There are also bands predicting a single response at a particular value of ILI-reported depth. The standard error of the estimate for large samples functions as a standard deviation around the regression line. The demonstrated sizing tolerance from the available data is conservatively represented at the edge of the prediction interval (Fig. 3).

This representation illustrates the importance of a comprehensive sampling plan because validation of only the deepest defects may not accurately support sizing-performance data for comprehensive integrity evaluation. The incidence of data for actual sizing performance should at least equal that indicated by the sampling chart in Fig. 2.

Corrosion growth rate

External and internal corrosion growth rates in pipelines can vary depending on environment (coatings, soil conditions, and chemical species) and mitigative measures (coating condition, cathodic protection, and chemical inhibition). A number of tools and techniques can establish corrosion growth rates.

• Estimates from single inspection based on age (full-life or half-life) are not mechanistic or empirical and are the least desirable approach.

• Measurements from multiple inspection runs.

• Corrosion monitoring (direct measurements).

• Predictive models (soil resistivity models, species-specific models such as de Waard-Milliams).6

Mitigating measures or natural changes in local corrosion growth kinetics could achieve zero corrosion growth for any given metal-loss feature. It is also reasonable to expect, however, that the maximum possible growth rate is limited.
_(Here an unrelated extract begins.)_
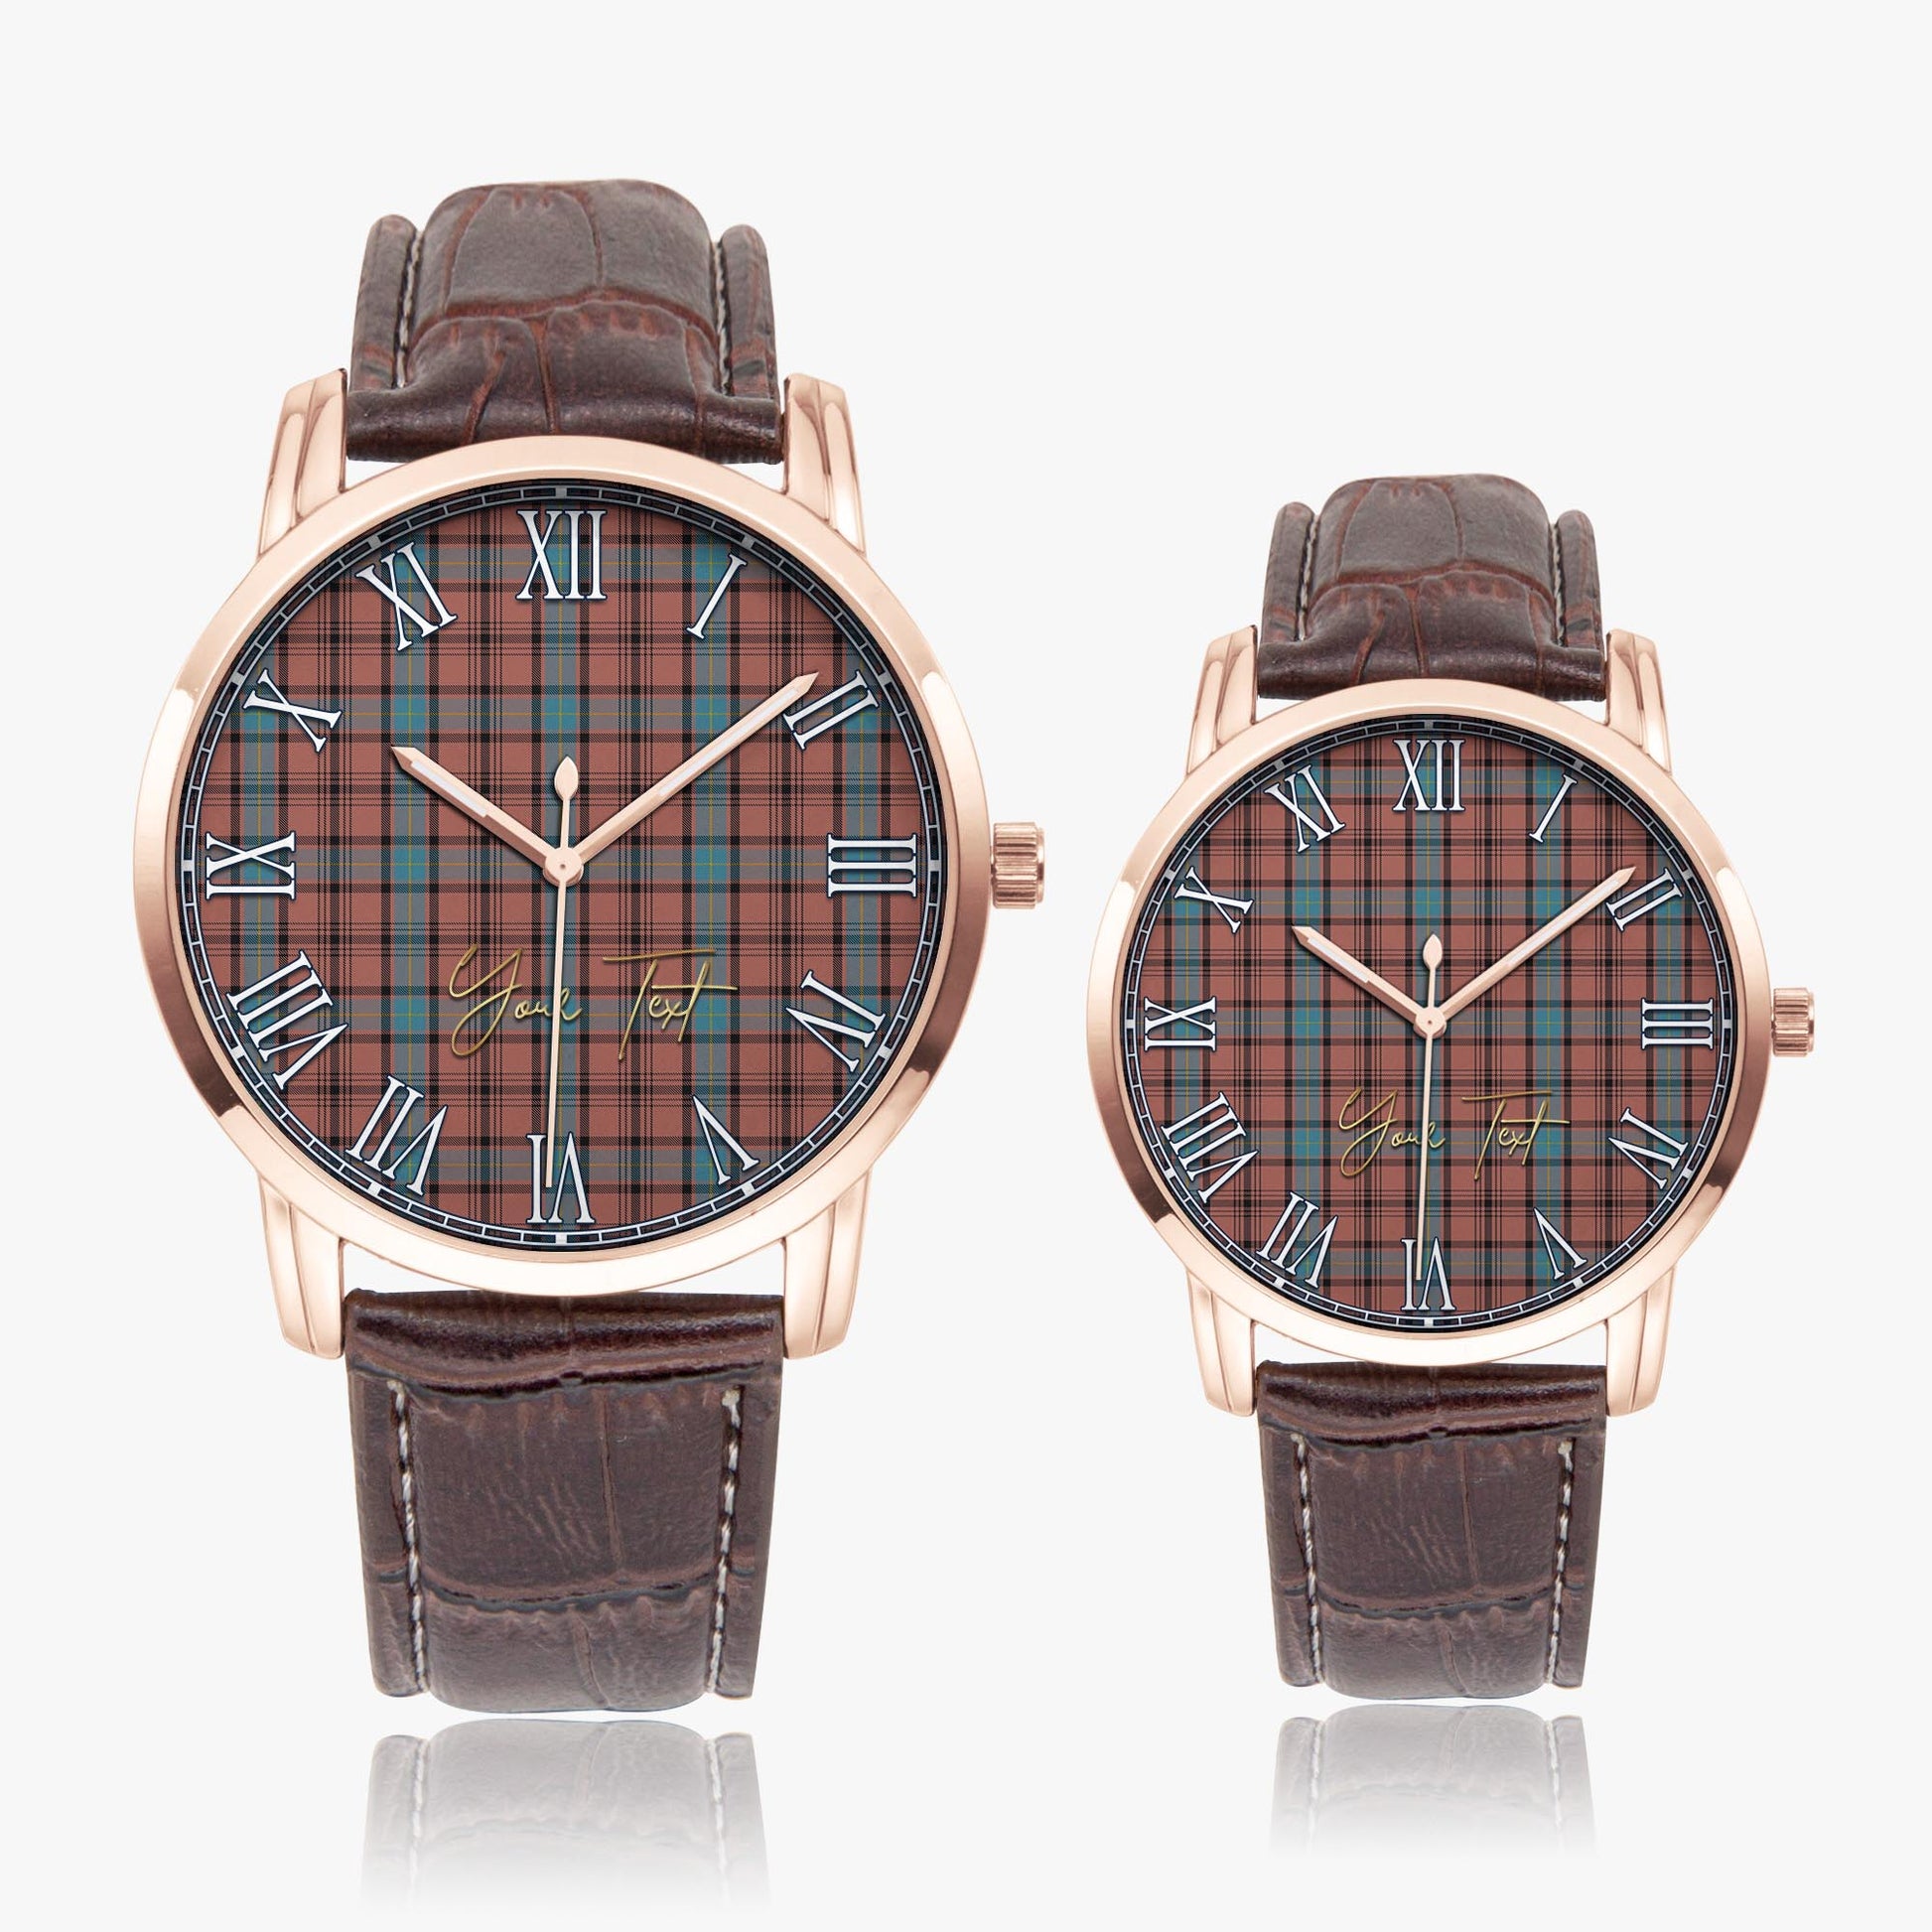 Hannay Dress Tartan Personalized Your Text Leather Trap Quartz Watch Wide Type Rose Gold Case With Brown Leather Strap - Tartanvibesclothing

As previously described, regression-tree analysis can categorize the corroded regions along the pipeline and calculate the corrosion growth rates in these specific areas. The identification of the possible variance and distribution function for corrosion growth rates allows application of numerical simulation techniques and the calculation of POE.

References

1. Pandey, M.D., “Probabilistic Models for Condition Assessment of Oil and Gas Pipelines,” NDT & E International, Vol. 31 (1998), No. 5, pp. 349-358.

2. Bhatia, A., Mangat, N.S., and Morrison, T., “Estimation of Measurement Errors,” International Pipeline Conference, Calgary, June 7-11, 1998.

3. Morrison, T., Mangat, N.S., Desjardins, G., and Bhatia, A., “Validation of An In-Line Inspection Metal Loss Tool,” International Pipeline Conference, Calgary, Oct. 1-5, 2000.

4. API 1163, “In-Line Inspection Systems Qualification Standard,” 2004.

5. Fenyvesi, L., Kania, R., Colquhoun, I., and Gu, B., “A Risk-Based Approach to Maintenance Planning Utilizing In-Line Inspection Data,” International Pipeline Conference, Calgary, Oct. 4-8, 2004.

6. EFCP No. 13, “Predicting CO2 Corrosion in the Oil and Gas Industry,” The Institute Of Materials, 1994.